The heap, garbage collection and scavenges
In the last post I discussed the heap, dead and live objects and the object graph. Recapping…
V8 uses an extremely simple technique for garbage collection. In this it scans the stack for any references(handles) which are active(live) and considers the referenced objects live. The rest of the heap is considered garbage(dead) and is marked to be reclaimed for re-use.
One of the problems we face is that V8 is single threaded. When garbage collection happens the rest of the program stops. This is why it is called “stop the world” garbage collector. This has performance implications because if the execution of the program is held up for long it may result in sluggish behavior. From a UI standpoint this may result in browser rendering to be less than 60 fps resulting in the user experience being less than optimal. More information on this sluggishness in browser rendering, also called “Jank” can be found here.
Collection types and cycles
If you think about it, most of the allocations we request are localized to the executing function. In comparison the allocations that require to be alive across multiple function calls(e.g. globals) are fewer. For this reason V8 uses a “Generational” garbage collection system where the lifetime of the objects determine their placement in the heap. In this the heap is divided into two major lifetime sections or generations. The new and the old generation(or space). The new space holds objects that are short lived while the old space holds objects that are intended to be around for a longer period of time.

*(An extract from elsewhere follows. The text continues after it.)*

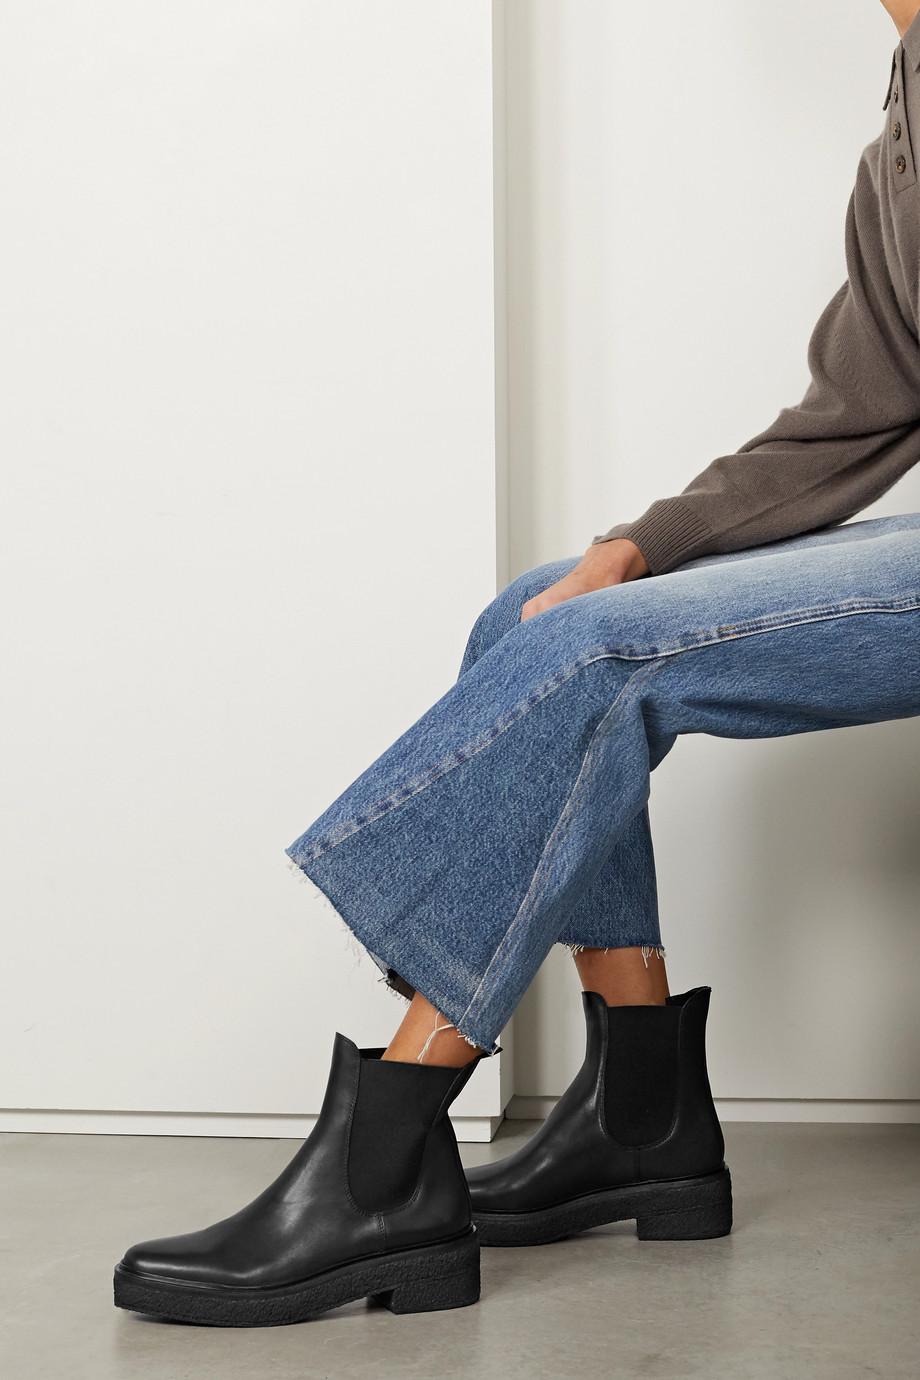 Loeffler Randall + NET SUSTAIN Raquel leather Chelsea boots

This is how it works. Most objects(if they are not too big) start their life in the new space(young generation). When memory is required, V8 quickly scans the new space for any live objects and considers the rest of the objects as dead and re-usable. This quick scan and cleanup is called a scavenge(minor collection cycle) and usually lasts less than a millisecond.
If an object survives two scavenge cycles it is considered “old” and moved(promoted) to the old space. At some point when V8 determines that it may need more memory in the old space it triggers a major garbage collection cycle(mark-sweep and mark compact) and removes dead objects from the old space.

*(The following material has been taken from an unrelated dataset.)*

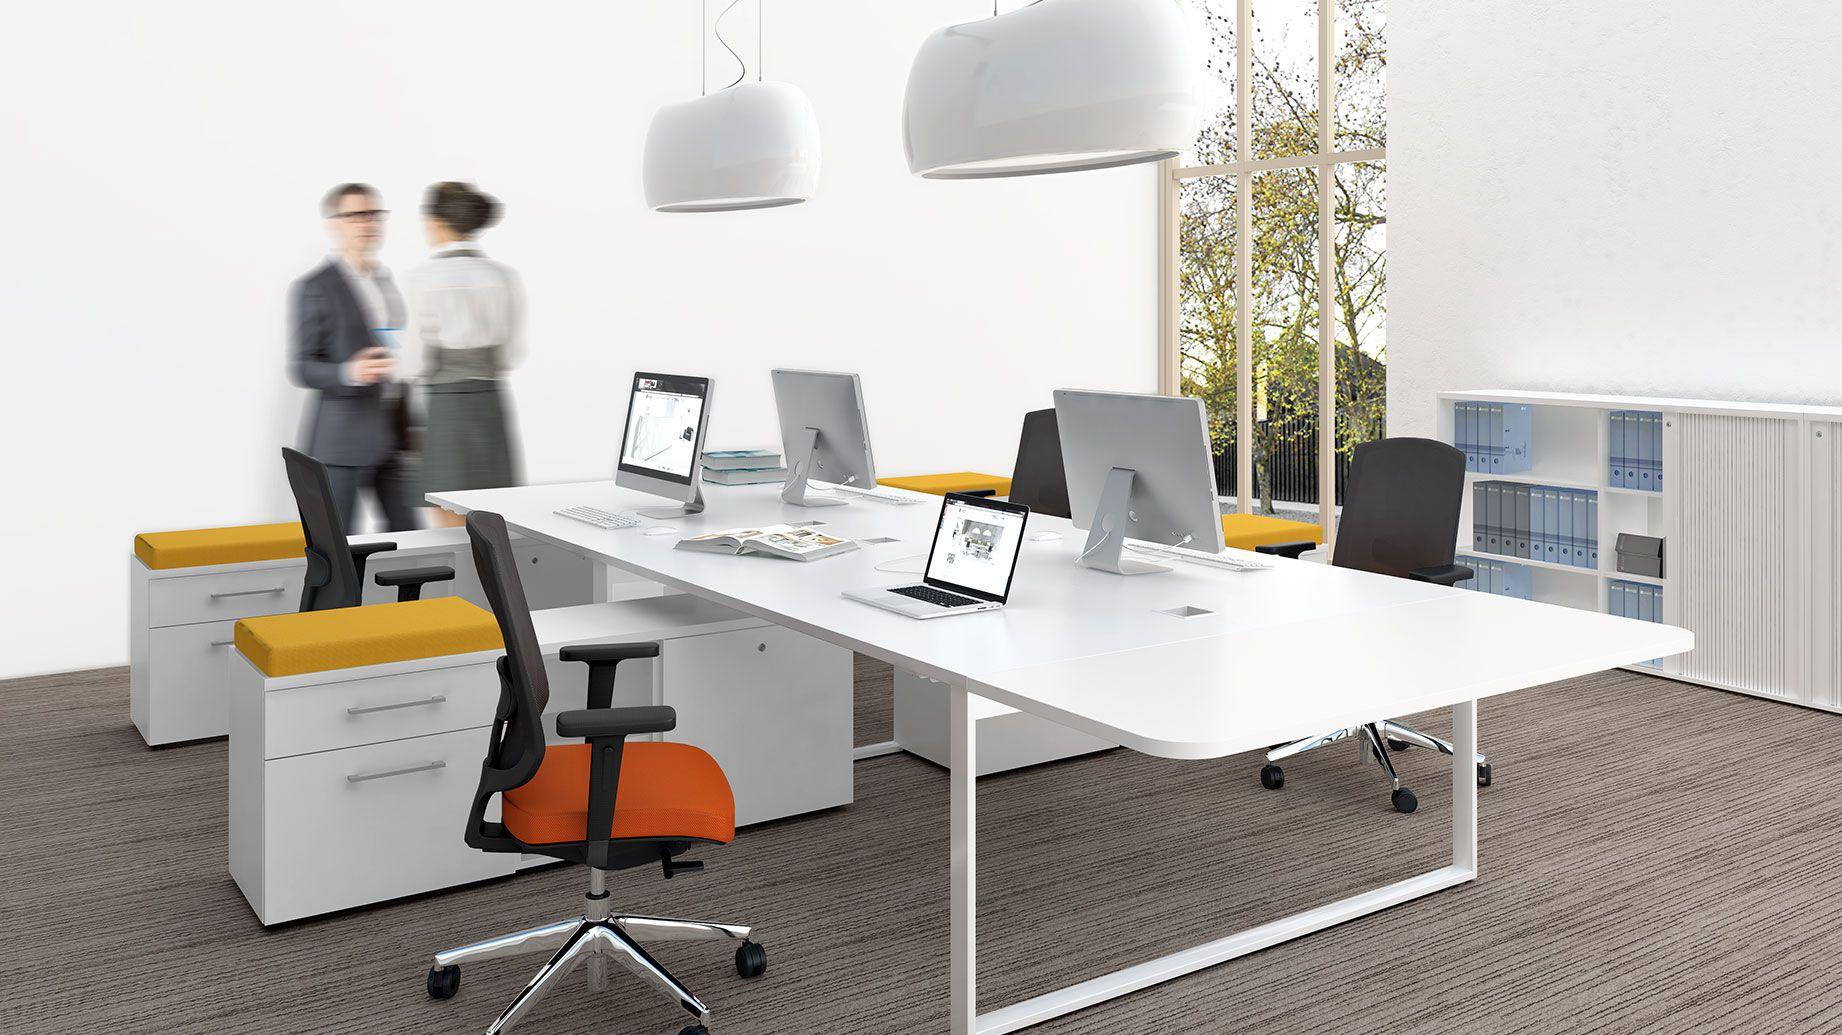 meble biurowe gabinetowe producent nowoczesne biurka do

One consequence of garbage collection is memory fragmentation. Dead and live objects are intermixed in the heap. If there are many of these pockets of free memory(space occupied by dead objects it would make allocation of new memory slow as objects would have to be split up for storage. To fix this the garbage collector moves objects around and lays them out in a contiguous memory space. This process is called “memory compaction”.
Spaces in the Heap
To understand both the minor(scavenge) and major(mark-sweep and mark-compact) cycle, it is helpful to visualize how the heap is divided in to spaces and their functions. The heap is divided into multiple sections or spaces. The spaces that are relevant to us are shown in Figure 4.1. below which provides a pictorial representation.
Briefly, here is what each space does:
- New space: Short lived objects allocated here. Scavenge works in this space
- Old Space = Old data space + Old pointer space: Promoted objects from new space and other raw data objects and pointers respectively. Mark-sweep and mark-compact work in this space.

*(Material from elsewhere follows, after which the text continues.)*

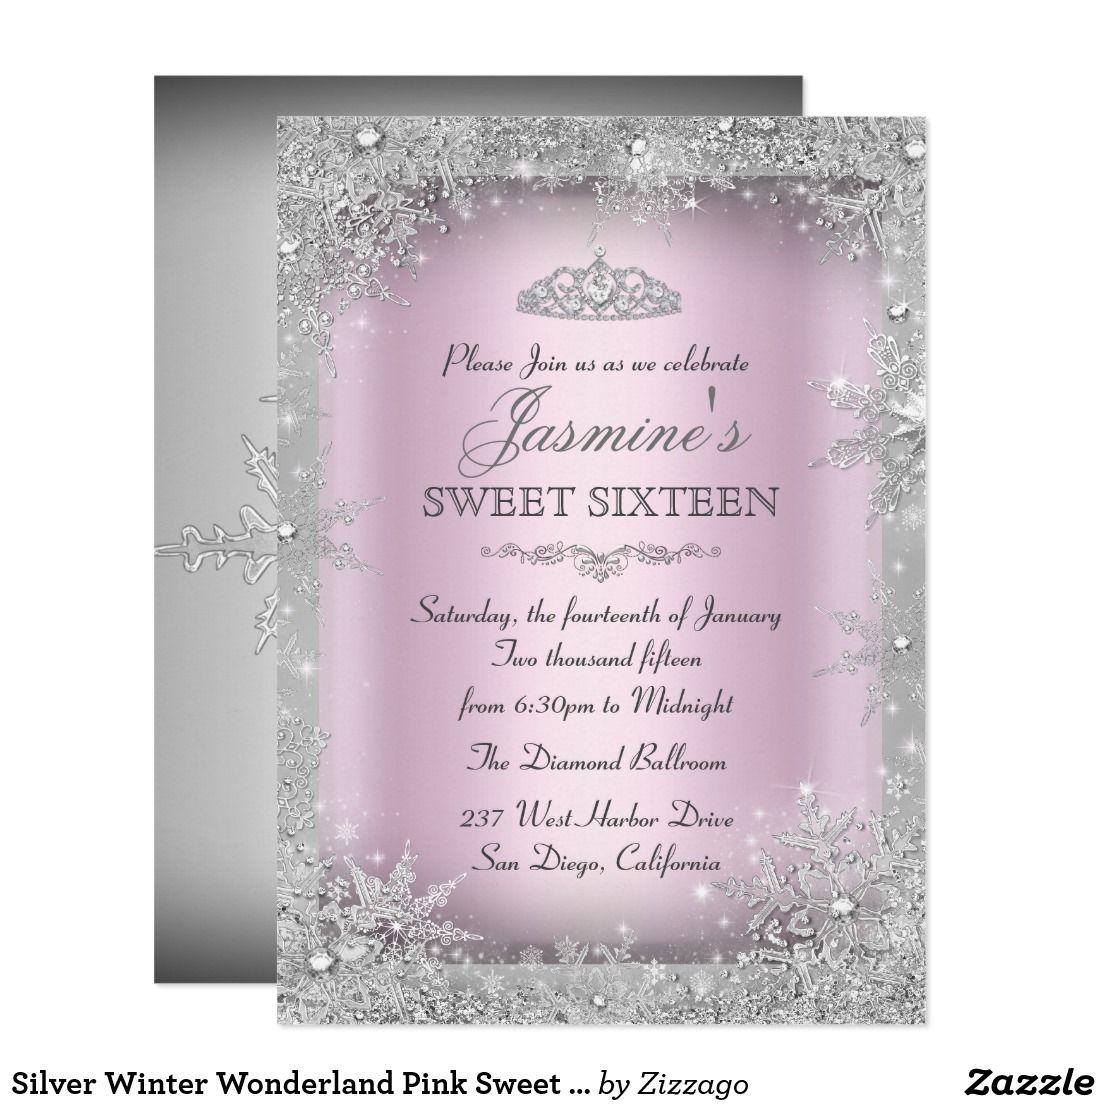 Silver Winter Wonderland Pink Sweet 16 Invitation   Pink sweet 16 ...

- Code space: Executable instructions
- Other miscellaneous spaces: These include the Cell space, property cell space and map space and they contain specialized data and pointers. No garbage collection takes place here.
Within these spaces we will concern ourselves only with the new space and the old space. Let’s look at scavenges and the new space first.
Consider this simple example(Figure 4.2) in which a string of 100,000 bytes in length is created and stored in the local variable text. The setInterval timer runs the aString function every 200ms till the program is aborted .
It is clear that there should not be any memory growth, because every time the function returns the variable “text” goes out of scope and is discarded. The program does not have any practical application but works well for learning about scavenges. Running this piece of code with the trace_gc option in the terminal we get the output in figure 4.3.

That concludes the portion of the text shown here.